Run this notebook: Open in Colab Open in Kaggle

Semantic Search With Sentence Transformers¶

What: Build a semantic search system that finds the most relevant documents in a corpus for a given natural-language query, using all-MiniLM-L6-v2 embeddings and cosine similarity ranking.

Why: Semantic search goes beyond keyword matching by understanding the meaning of queries and documents. A query like “How do artificial neural networks work?” will match documents about “neural networks” and “deep learning” even without exact word overlap. The approach uses asymmetric search – queries and documents may differ in length and style, but the shared embedding space places semantically related content nearby.

How: The corpus is encoded once using encode_document() and stored as tensors (optionally on GPU). At query time, encode_query() produces a query embedding, and model.similarity() computes cosine similarity against all corpus embeddings. torch.topk() efficiently extracts the top-\(k\) results without sorting the entire list.

Connection: This is the core retrieval mechanism in RAG (Retrieval Augmented Generation) pipelines. In production, the corpus embeddings would be stored in a vector database (FAISS, Pinecone, Qdrant) for sub-millisecond retrieval over millions of documents.

# https://sbert.net/examples/sentence_transformer/applications/semantic-search/README.html

"""
This is a simple application for sentence embeddings: semantic search

We have a corpus with various sentences. Then, for a given query sentence,
we want to find the most similar sentence in this corpus.

This script outputs for various queries the top 5 most similar sentences in the corpus.
"""

import torch

from sentence_transformers import SentenceTransformer

embedder = SentenceTransformer("all-MiniLM-L6-v2")
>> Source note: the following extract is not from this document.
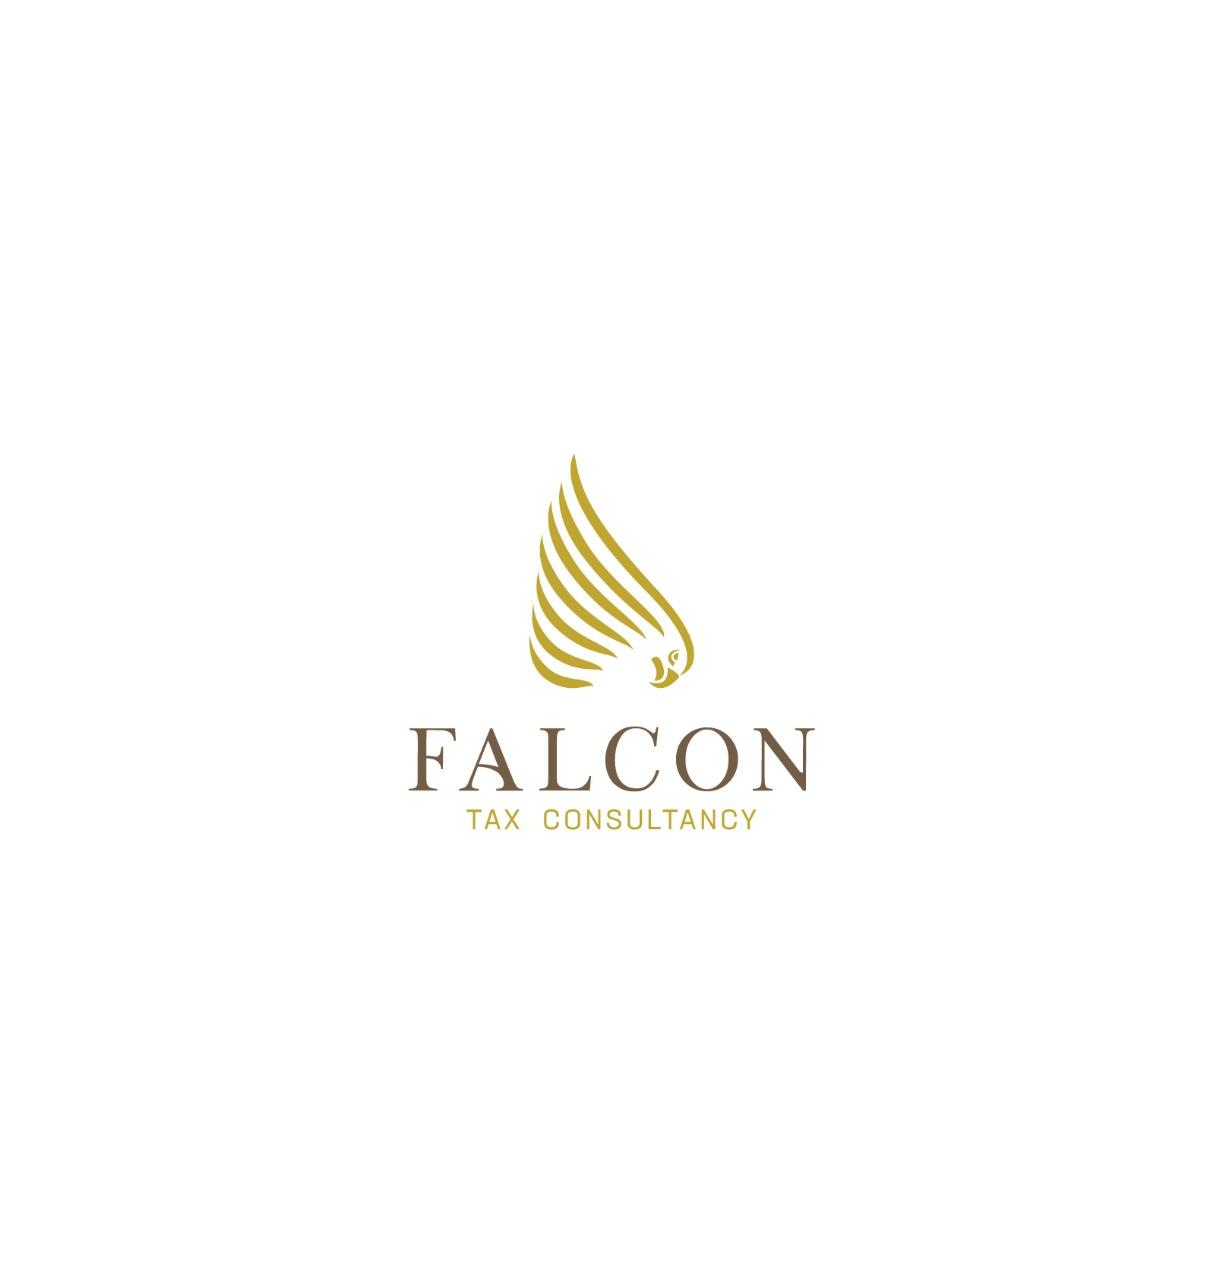 Falcon Tax Consultancy

# Corpus with example documents
corpus = [
    "Machine learning is a field of study that gives computers the ability to learn without being explicitly programmed.",
    "Deep learning is part of a broader family of machine learning methods based on artificial neural networks with representation learning.",
    "Neural networks are computing systems vaguely inspired by the biological neural networks that constitute animal brains.",
    "Mars rovers are robotic vehicles designed to travel on the surface of Mars to collect data and perform experiments.",
    "The James Webb Space Telescope is the largest optical telescope in space, designed to conduct infrared astronomy.",
    "SpaceX's Starship is designed to be a fully reusable transportation system capable of carrying humans to Mars and beyond.",
    "Global warming is the long-term heating of Earth's climate system observed since the pre-industrial period due to human activities.",
    "Renewable energy sources include solar, wind, hydro, and geothermal power that naturally replenish over time.",
    "Carbon capture technologies aim to collect CO2 emissions before they enter the atmosphere and store them underground.",
]
# Use "convert_to_tensor=True" to keep the tensors on GPU (if available)
corpus_embeddings = embedder.encode_document(corpus, convert_to_tensor=True)

# Query sentences:
queries = [
    "How do artificial neural networks work?",
    "What technology is used for modern space exploration?",
    "How can we address climate change challenges?",
]

# Find the closest 5 sentences of the corpus for each query sentence based on cosine similarity
top_k = min(5, len(corpus))
for query in queries:
    query_embedding = embedder.encode_query(query, convert_to_tensor=True)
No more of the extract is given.